Instructions for the task
Starting with the line that contains "06fccca7cd1 Men s" and ending with the last line of the listing, print each line exactly. Pictures stay out.

Data supplied
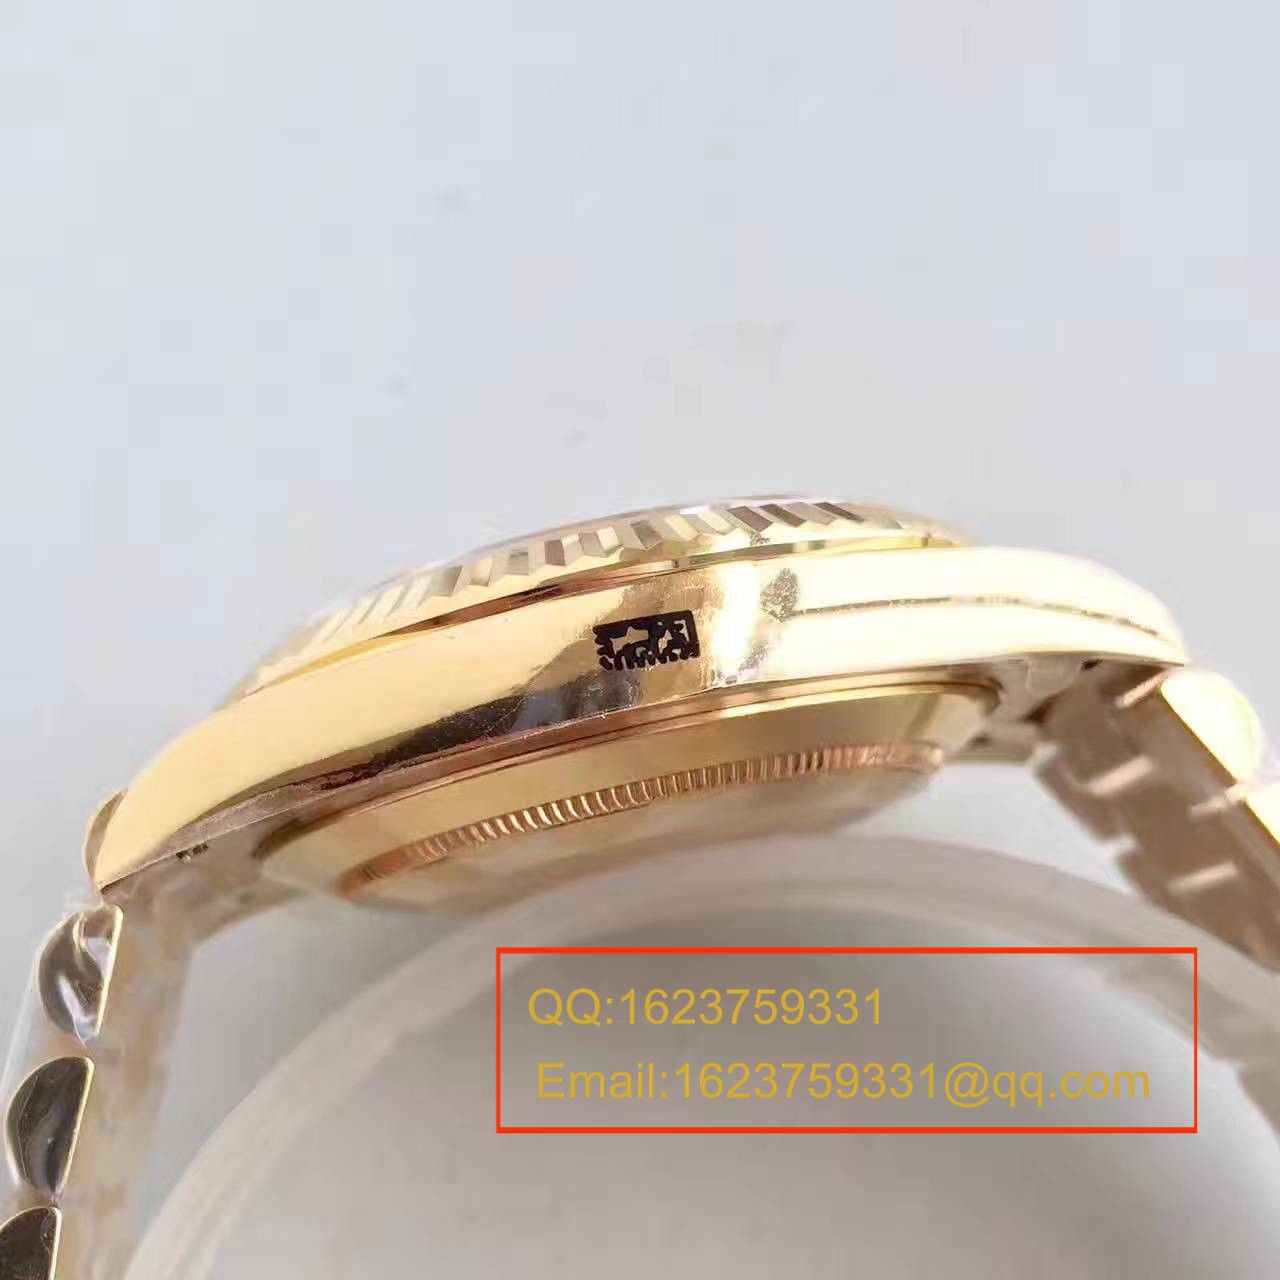 【NOOB厂一比一复刻手表】劳力士星期日历型系列218238-83218 白盘腕表 / RBE167
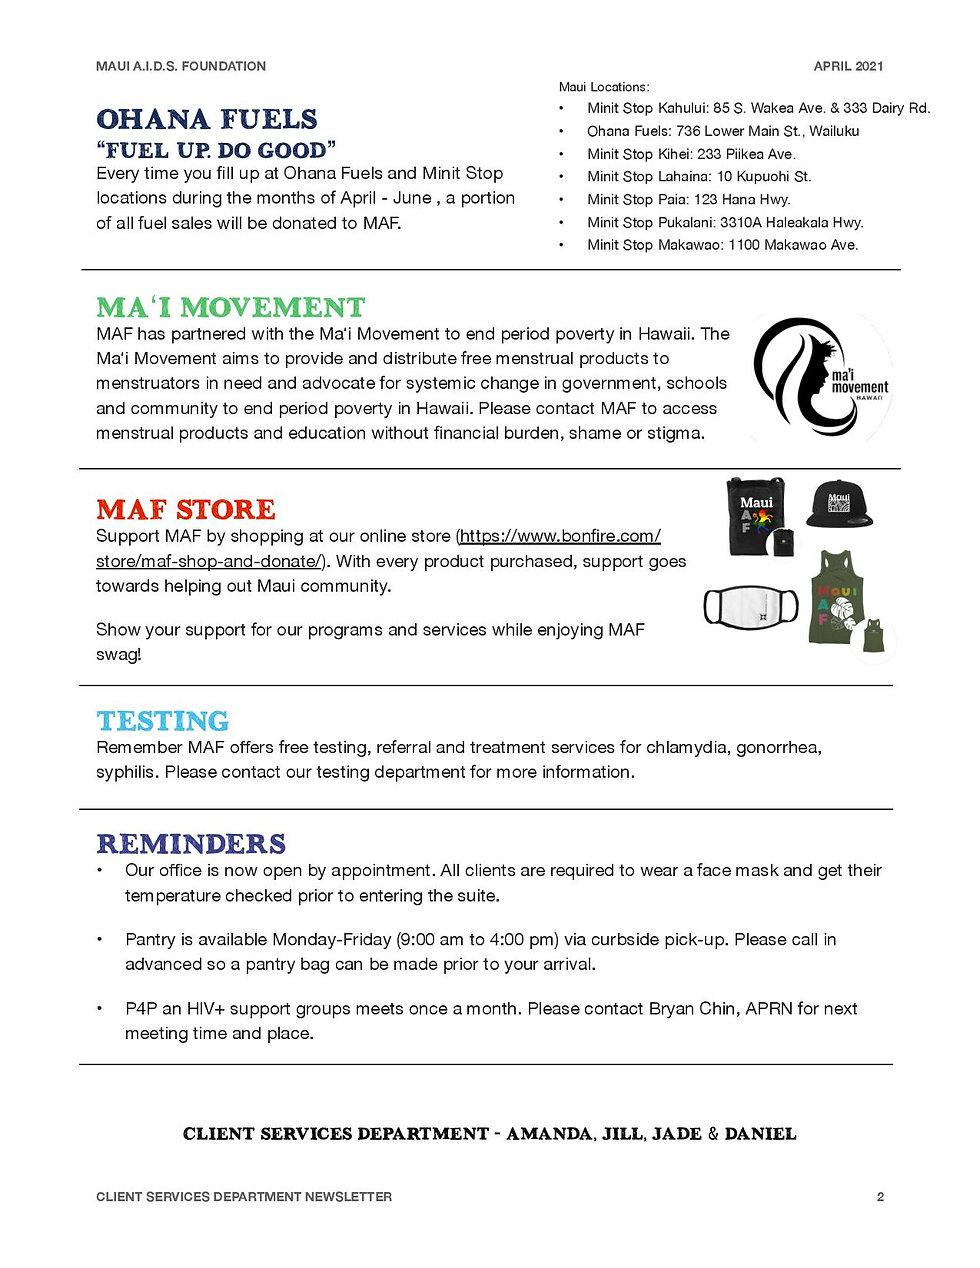 Client Newsletter April 21 (1)-page-002.
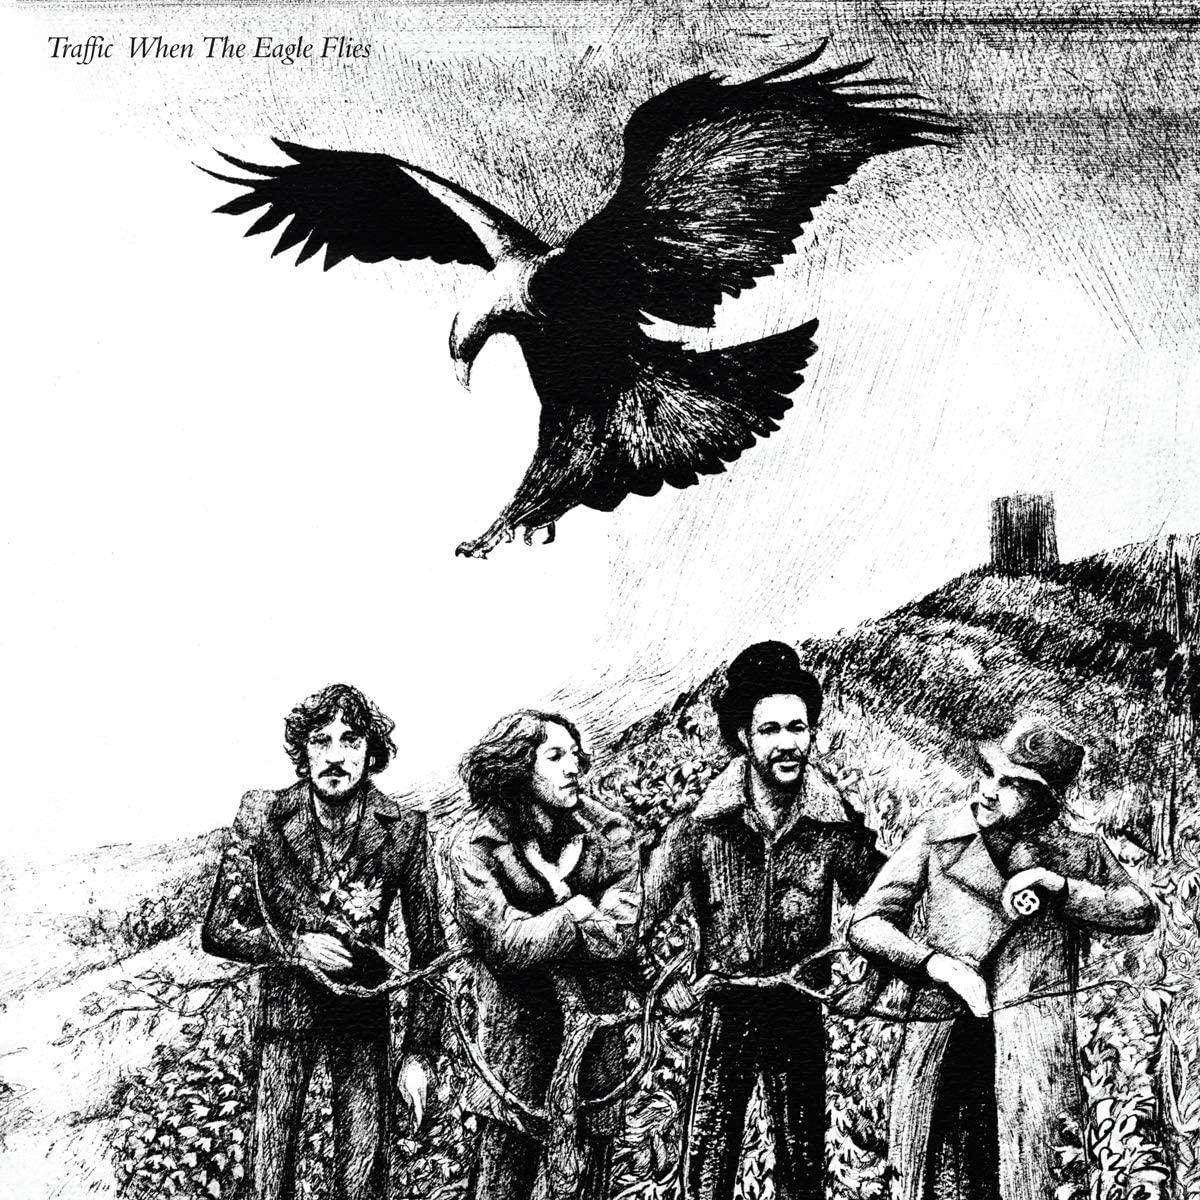 Copertina Vinile 33 giri When the Eagle Flies di Traffic
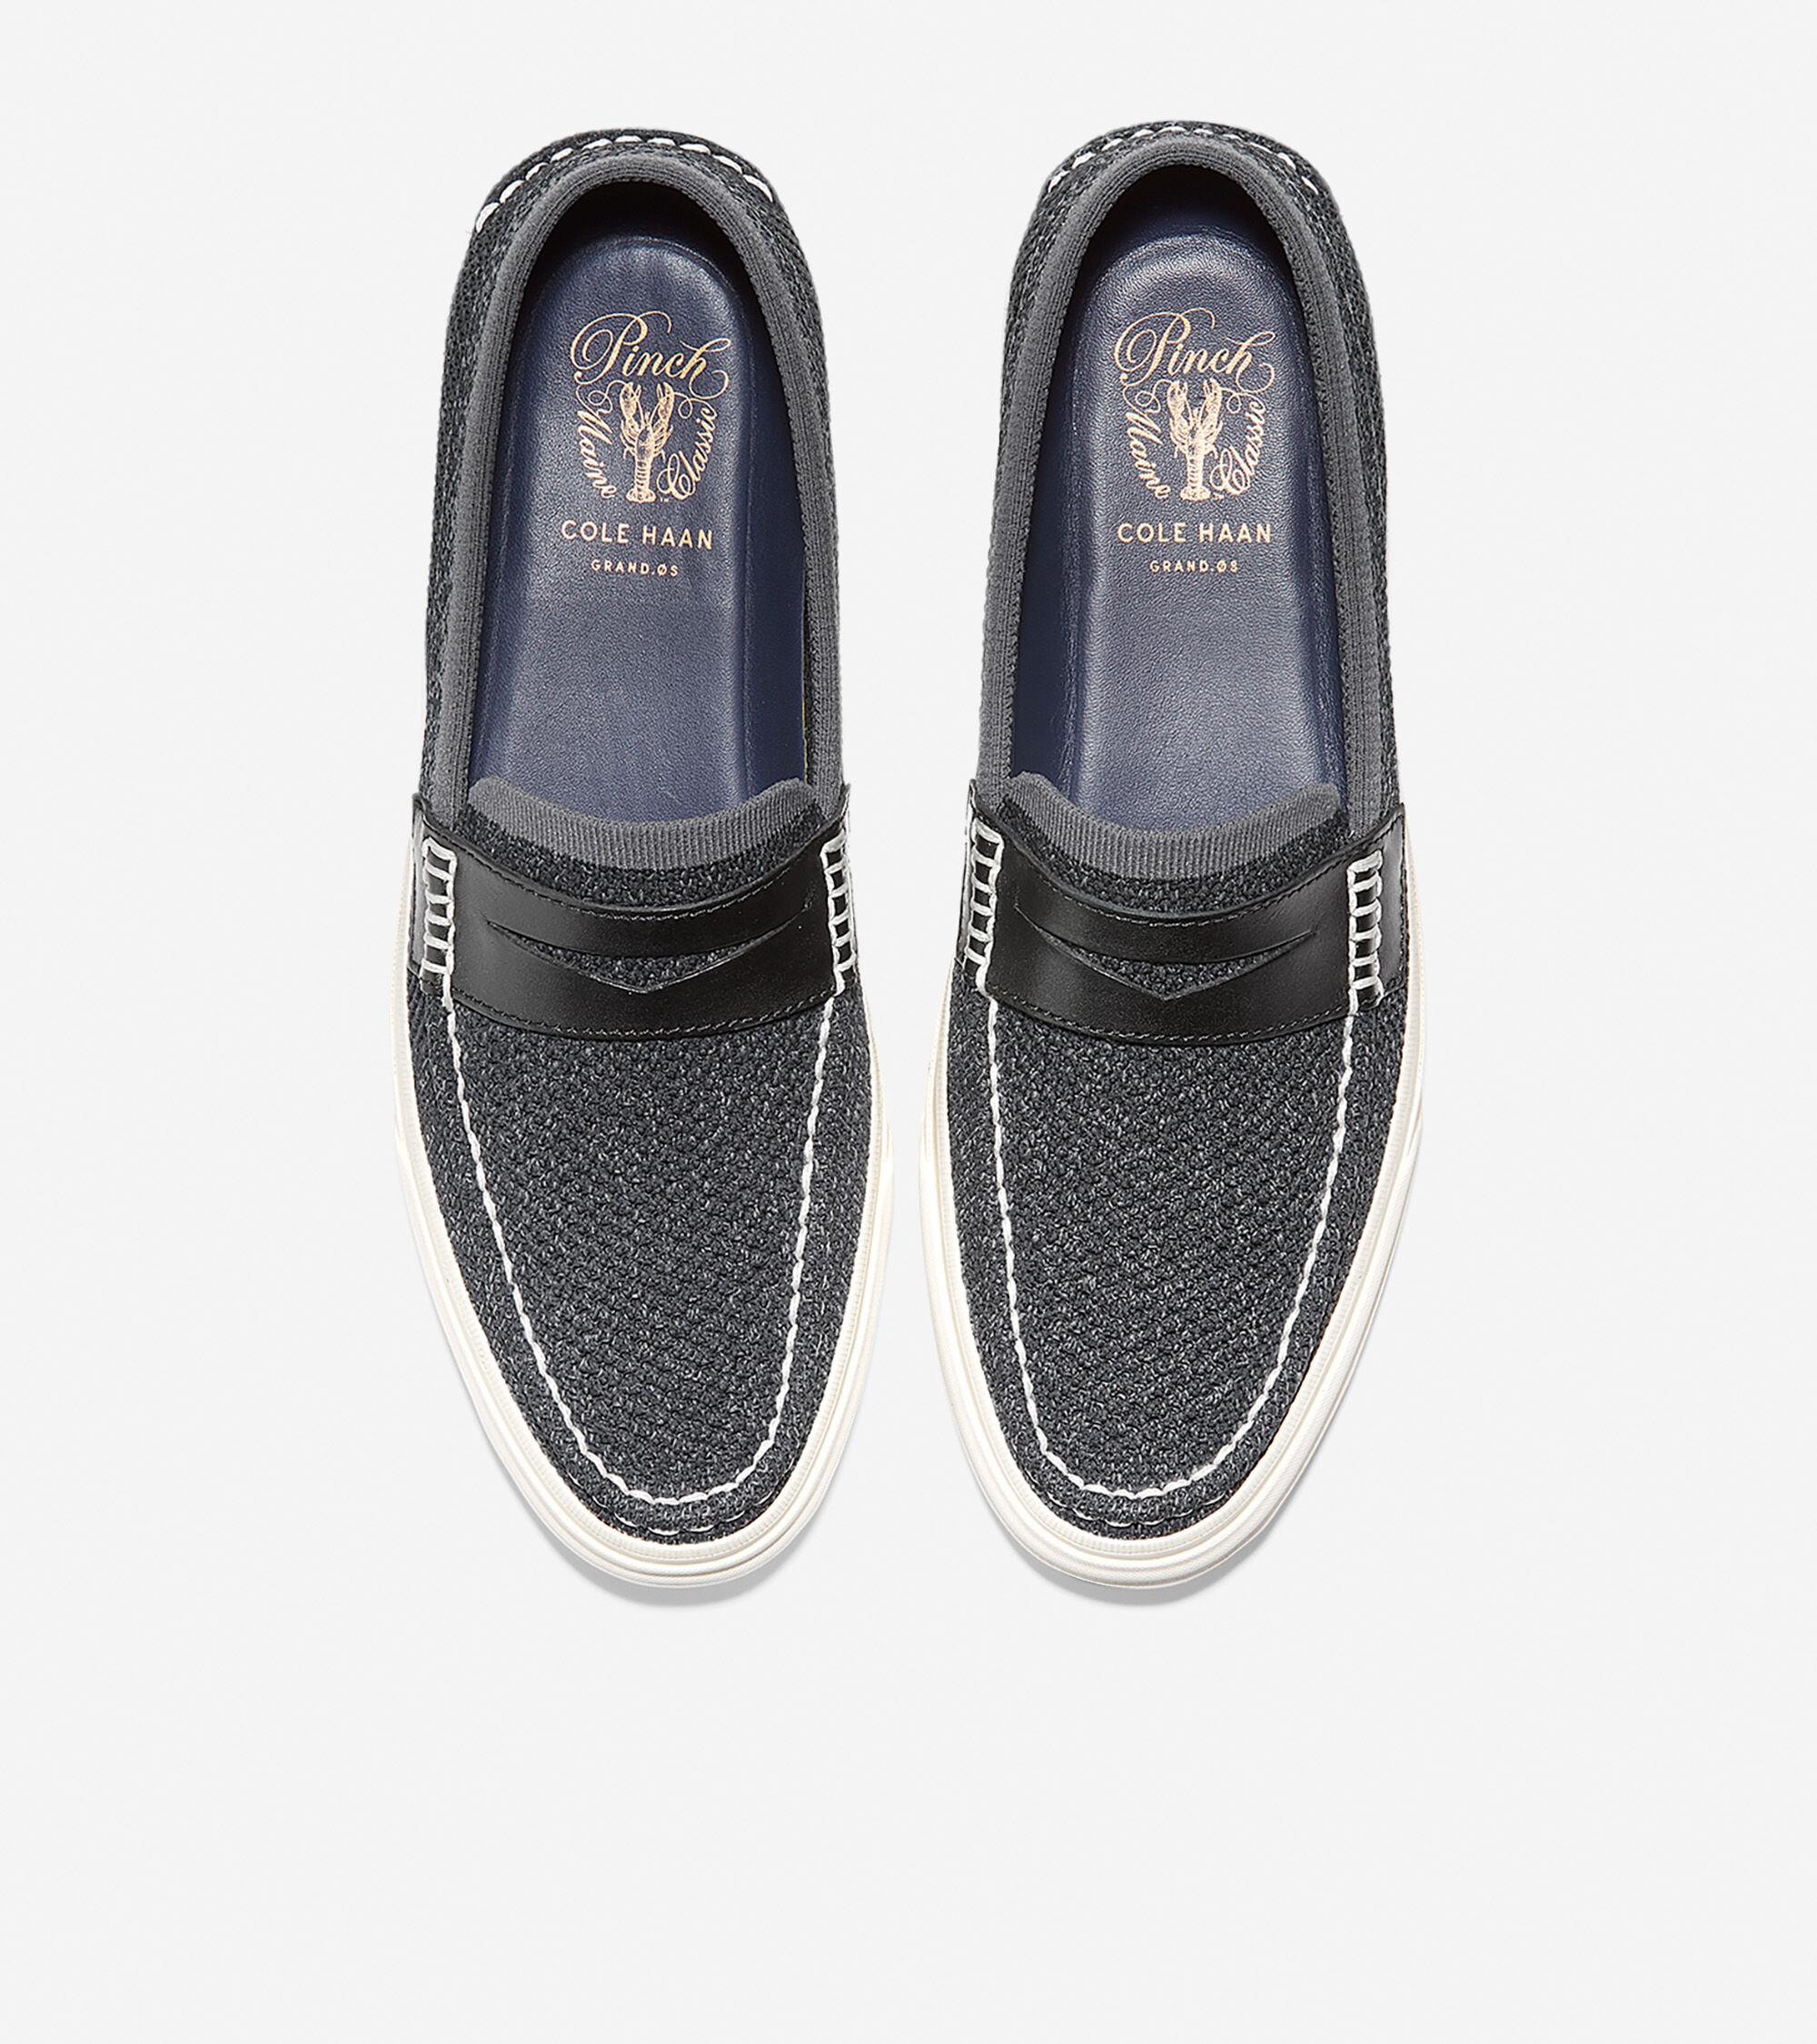 06fccca7cd1 Men s Pinch Weekender LX Loafers with Stitchlite in Black
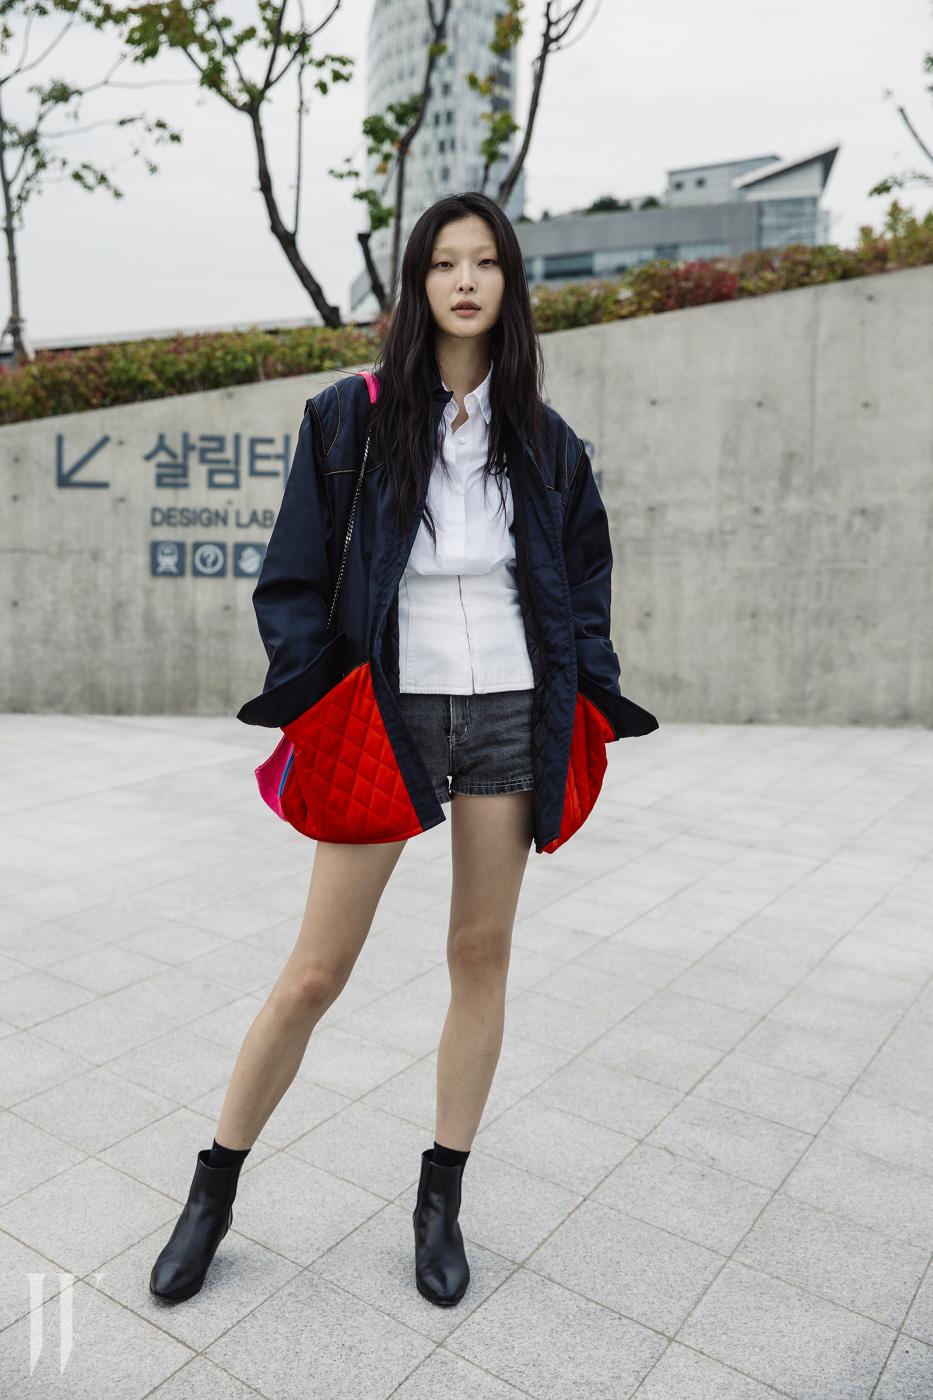 sunghee

Result
 06fccca7cd1 Men s Pinch Weekender LX Loafers with Stitchlite in Black
 sunghee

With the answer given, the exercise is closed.